Calculating Duration Between Order Dates for Each Customer with ‘lag’ Function

Let’s say we have a customer purchase order data, and we want to understand how long does it take for customers to order the next orders.

Another word, we want to calculate the durations between the order dates for each customer.

You can do this by using ‘lag’ function, which returns the previous value. Once we get the previous ‘order date’ then we can calculate the difference between the previous and the current order dates.

We want to do this for each customer, so we can ‘group’ the data by customer with the ‘Group By’ step before using the ‘lag’ function.

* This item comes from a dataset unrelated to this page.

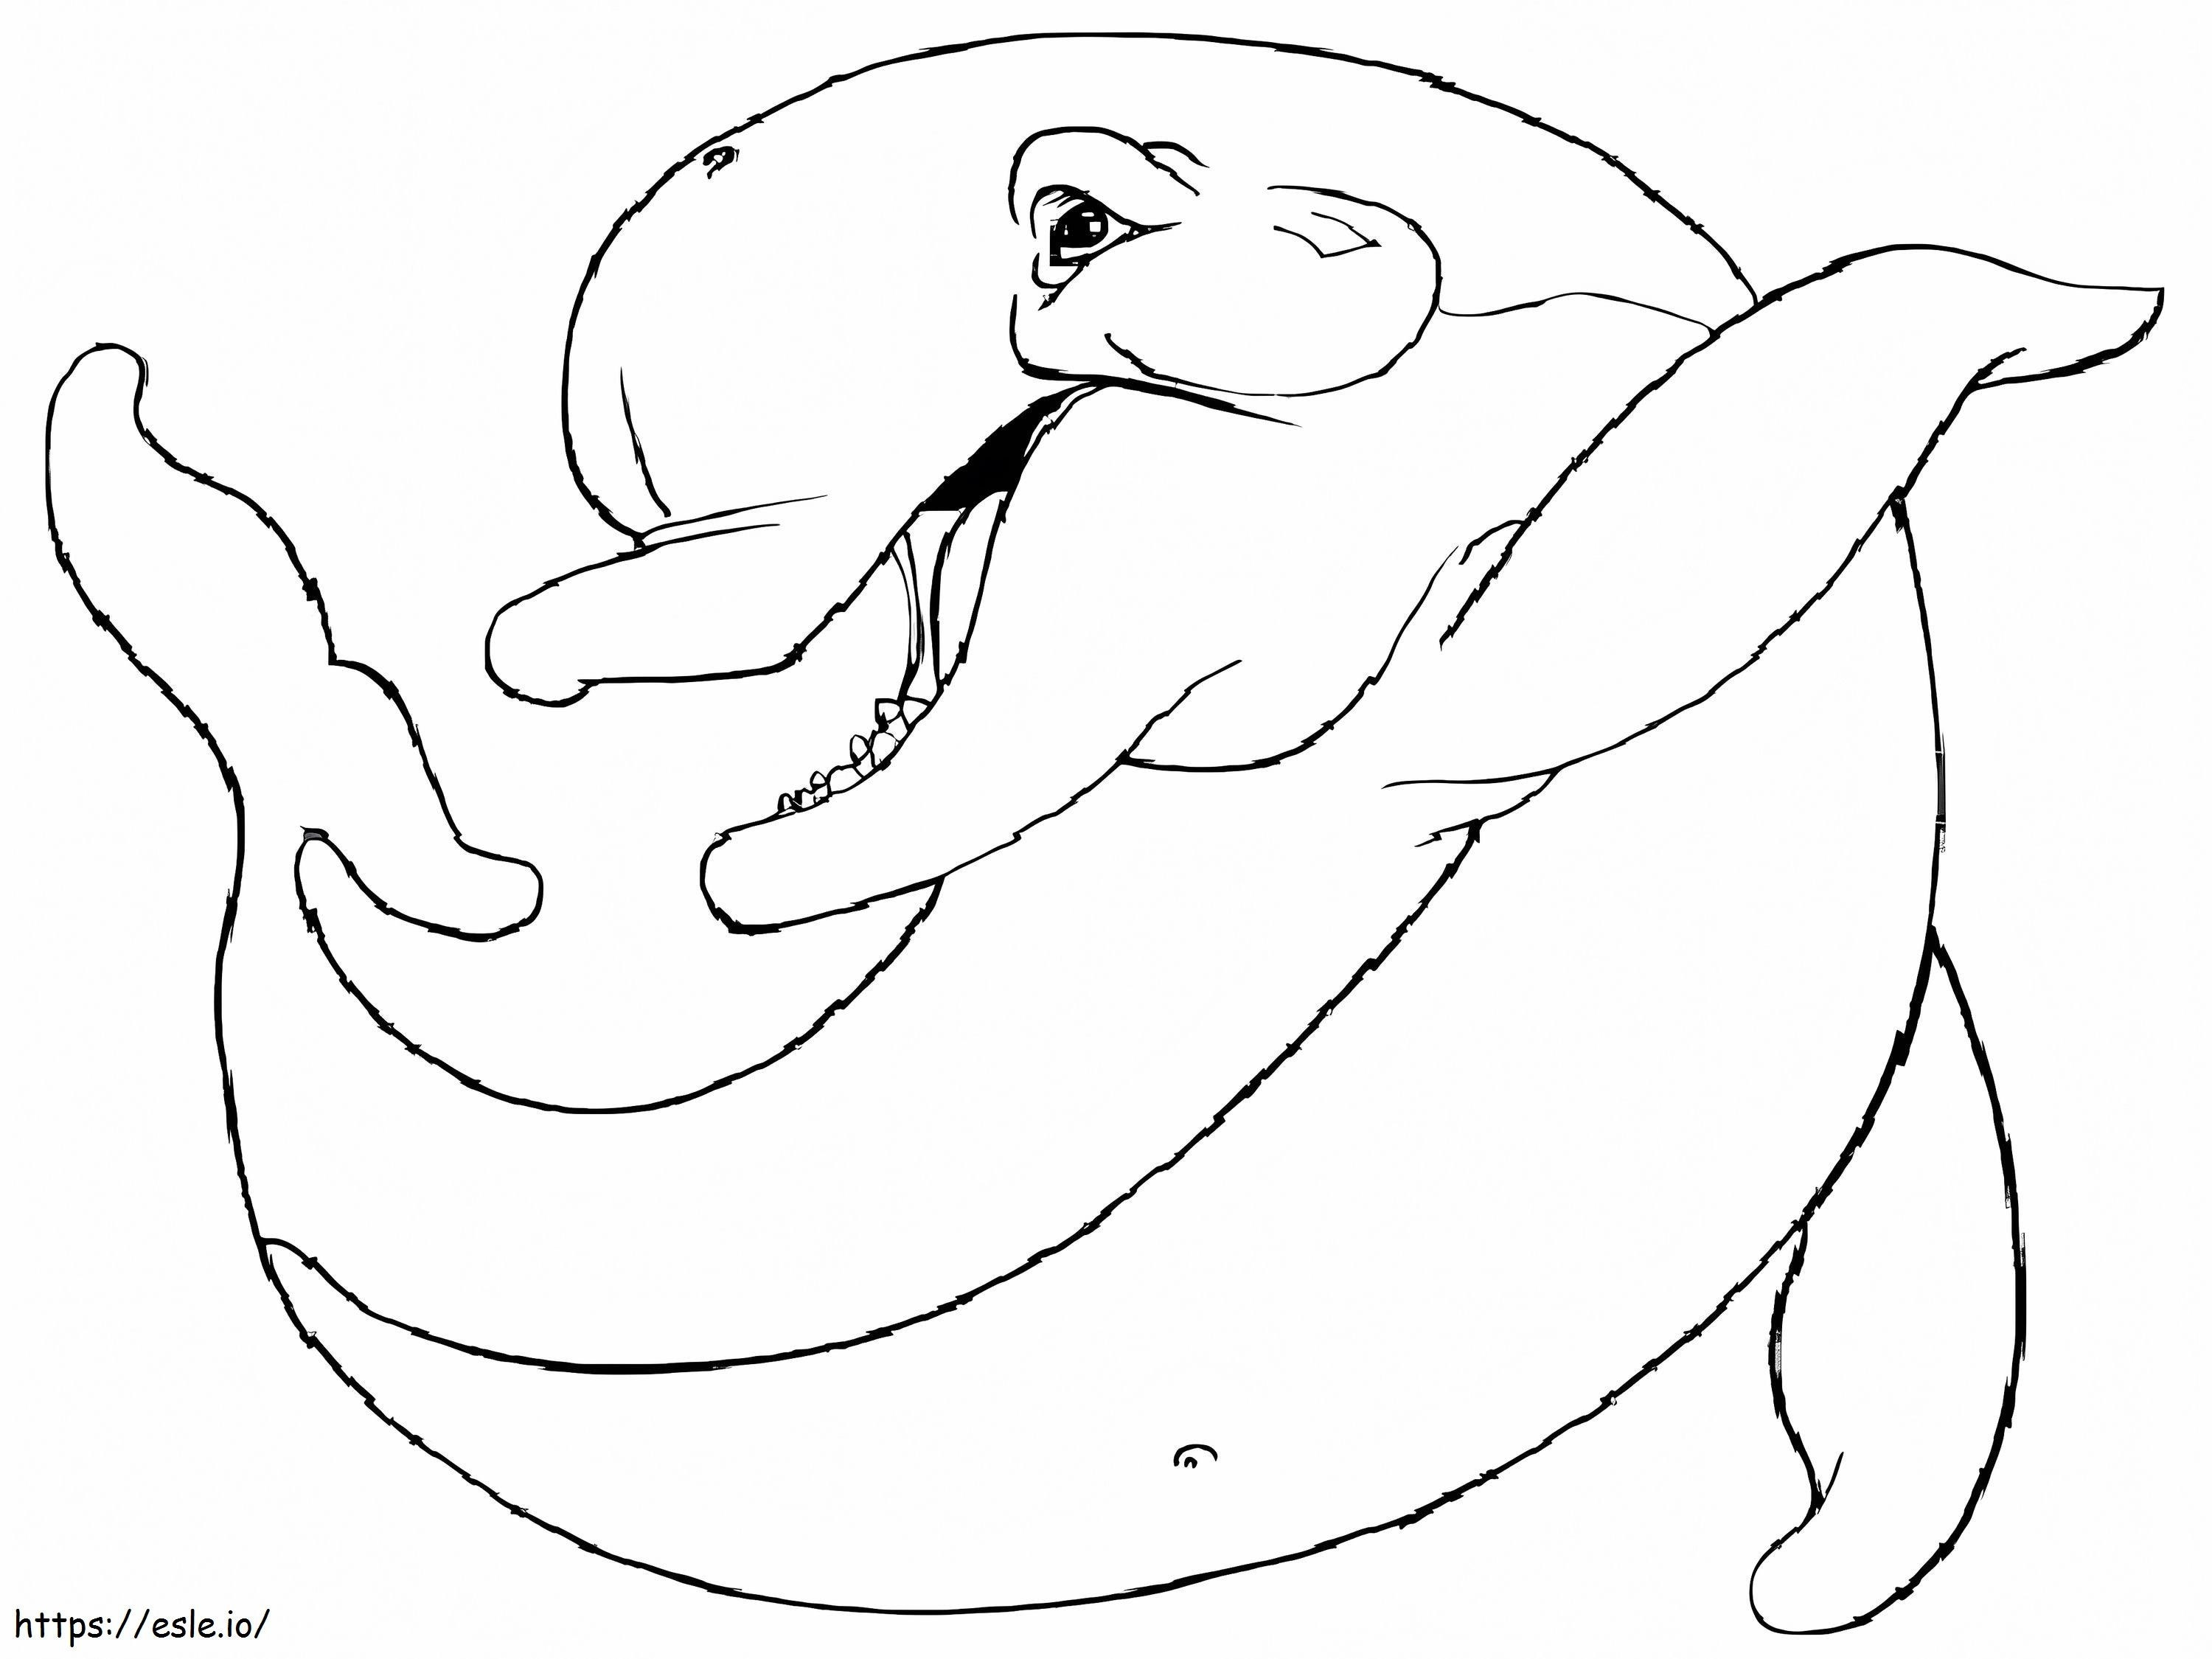 Dolphin Gordo coloring page

Here is how you can do in more details.

Sample Data

We have Order Date and Customer ID columns as follows.

Sort (Arrange) Data

We’re going to calculate the difference between the current date and the previous date by using a function called ‘lag’, which returns the previous row’s value. But this means that we need to make sure the ‘previous’ row’s date is really the ‘previous’ date.

What I mean is that the data might not have been sorted by the order date yet.

We can quickly sort the data by the ‘Order Date’ column by selecting ‘Arrange’ from the column header menu.

Group the Data

Select ‘Group By’ from the column header menu.

Now we see the data grouped by customer, which is indicated by color.

Calculate Differences Between Current and Previous Dates

Select ‘Mutate (Create Calculation)’ from the column header menu of Order Date column.

And type something like the following.

`Order Date` - lag(`Order Date`)

This is basically subtracting the ‘previous’ order date from a given date.

When you run it, the new column will be created like the below.

The calculated result is generated as ‘difftime’ data type, which is basically the difference between the two dates. The unit depends on the original data type of the date data. If the data type is ‘Date’ then the unit for the difftime data is ‘Day’. If the data type is ‘POSIXct’ then the unit would be ‘Second’.

In this case, the original data ‘Order Date’ was Date data type, so this new ‘difftime’ column’s unit is ‘Day’.

Un-group the Data

When the data frame is grouped (e.g. by customer) all the following operations will be affected by the setting. In this particular scenario we won’t have much of a problem except that the performance would suffer a little bit.

It’s always better to ‘un-group’ the data frame when not necessary.

Select ‘Ungroup’ from the group button.

Note that the data might be shown in different orders between the grouped data and ‘un-grouped’ data. This is because Exploratory shows the data being sorted by the grouping column(s) for the table view.

Convert Difftime to Numeric

Since we want to do some calculations with the ‘difference between the orders’ column later it is better to convert it to Numeric data type.

Select

Change Data Type -> Convert to Numeric -> Days

from the column header menu of the newly created column at the previous step.

We’ll keep the unit as ‘Day’ here.

Once you run it, you will get the column being converted to Numeric data type.

Summarize the Average Duration for Each Customer

If we want to calculate the average duration between the orders for each customer we can use the ‘Summarize’ step.

Select ‘Summarize’ from the column header menu of the duration column.

Assign the ‘Customer ID’ column to the ‘Group By’ and select ‘Average’ as the aggregation function for the ‘Value’ column.